◆ **BRIEF**: In the material below, the lines from the one containing "German startup HBP" through the one containing "Chair Throw Pillow" are to be given again exactly, ends included, and no others.

◆ **DATA IN THIS EXERCISE**:
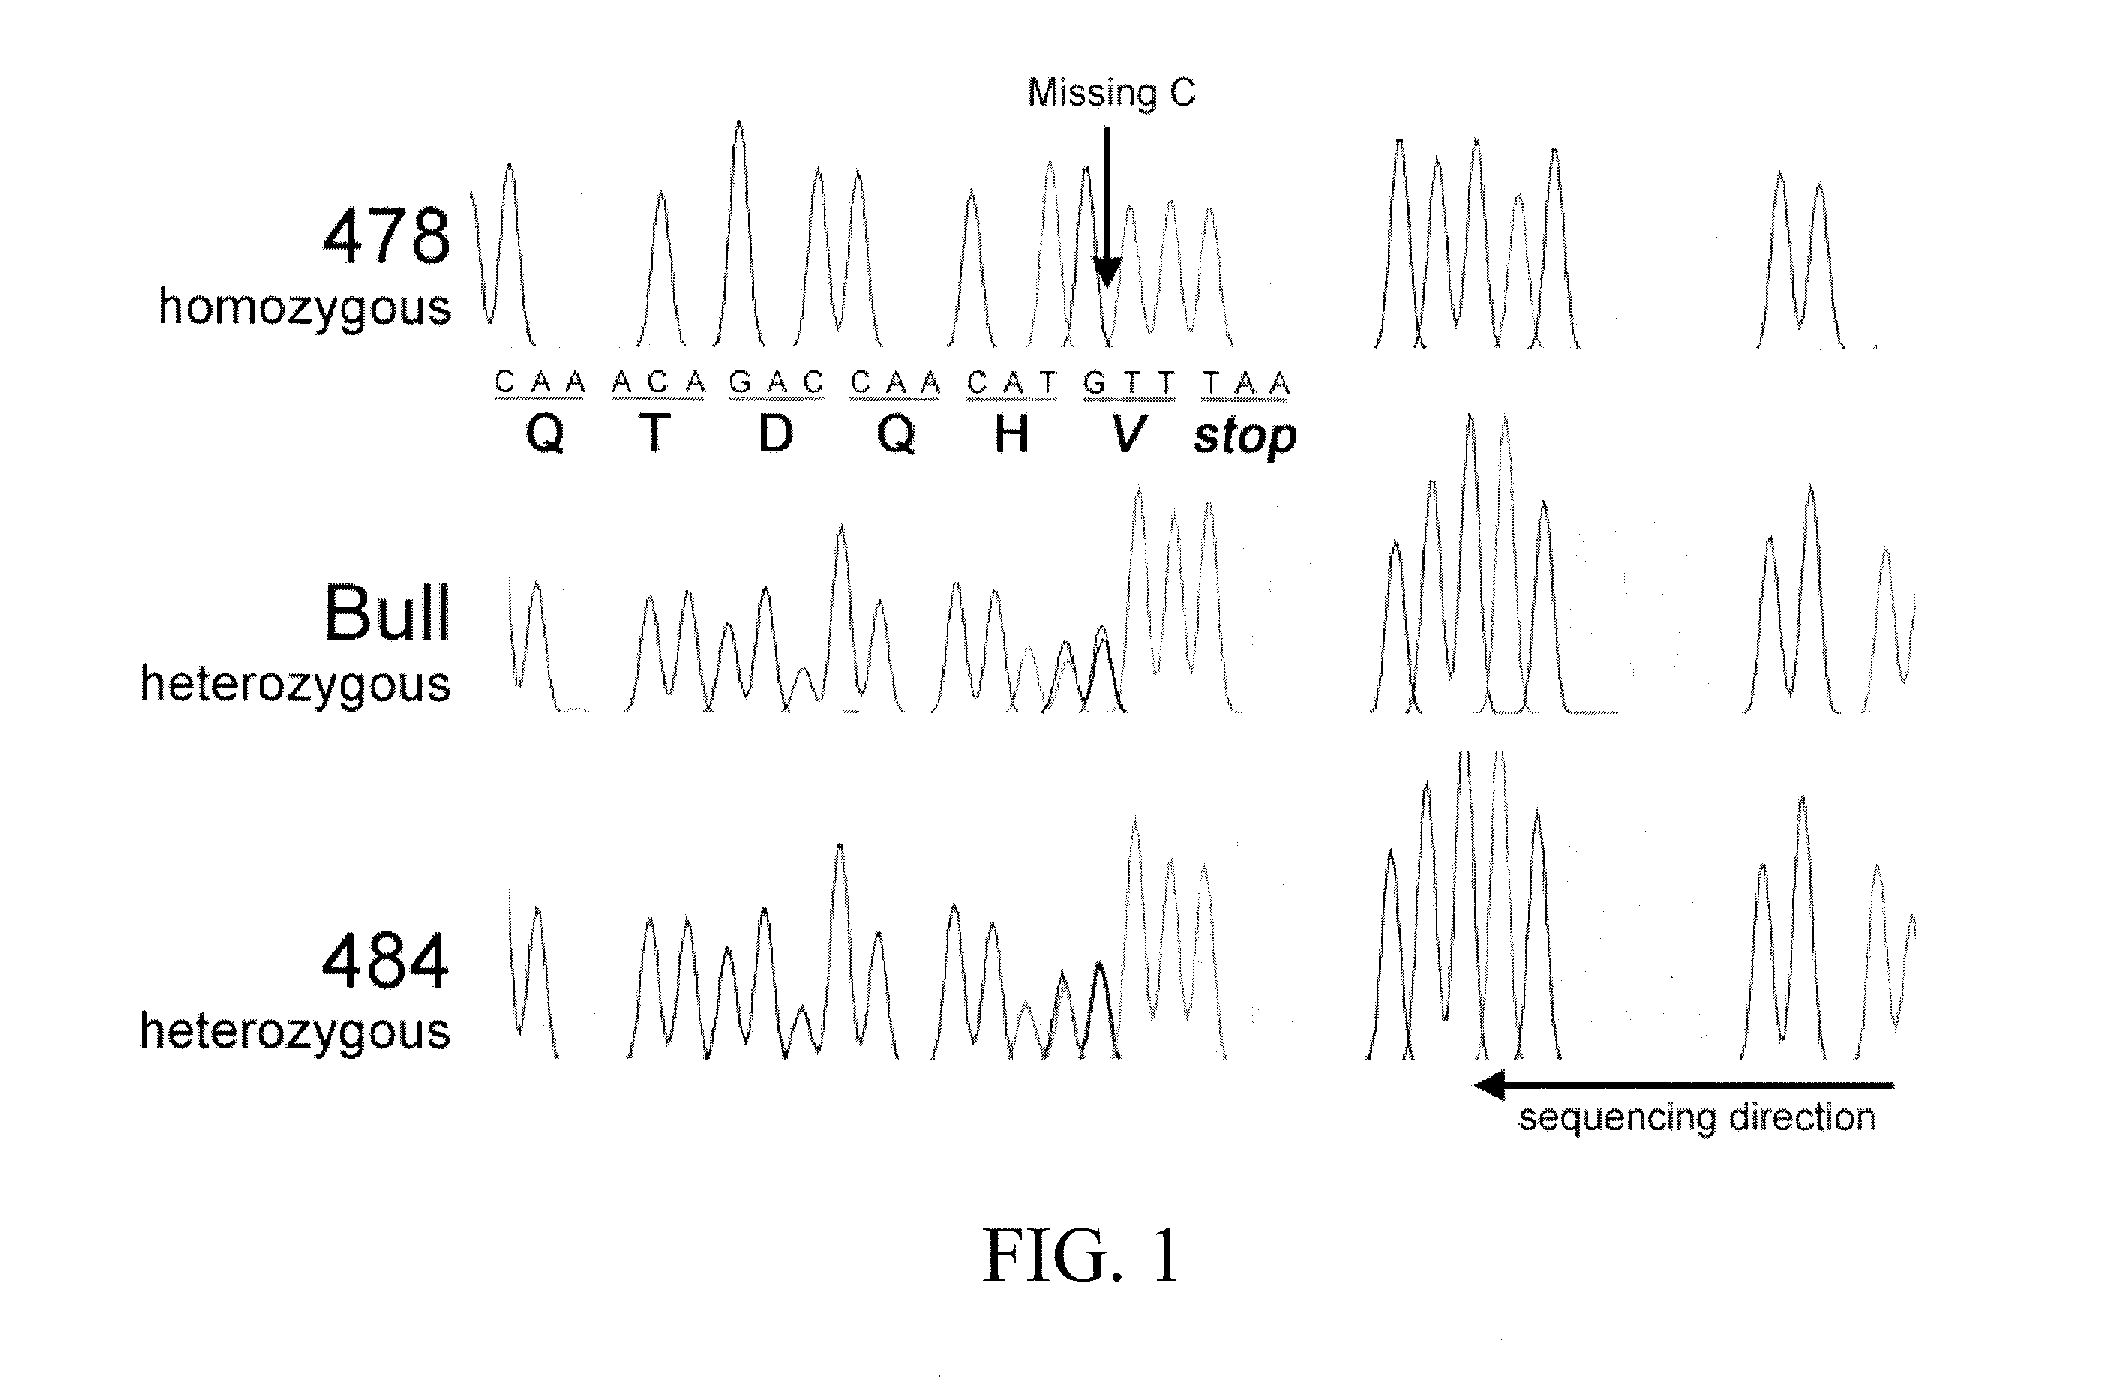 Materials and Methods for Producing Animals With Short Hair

--

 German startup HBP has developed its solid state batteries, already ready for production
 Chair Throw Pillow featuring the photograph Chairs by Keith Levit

◆ **OUTPUT OF THE TASK**:
 German startup HBP has developed its solid state batteries, already ready for production
 Chair Throw Pillow featuring the photograph Chairs by Keith Levit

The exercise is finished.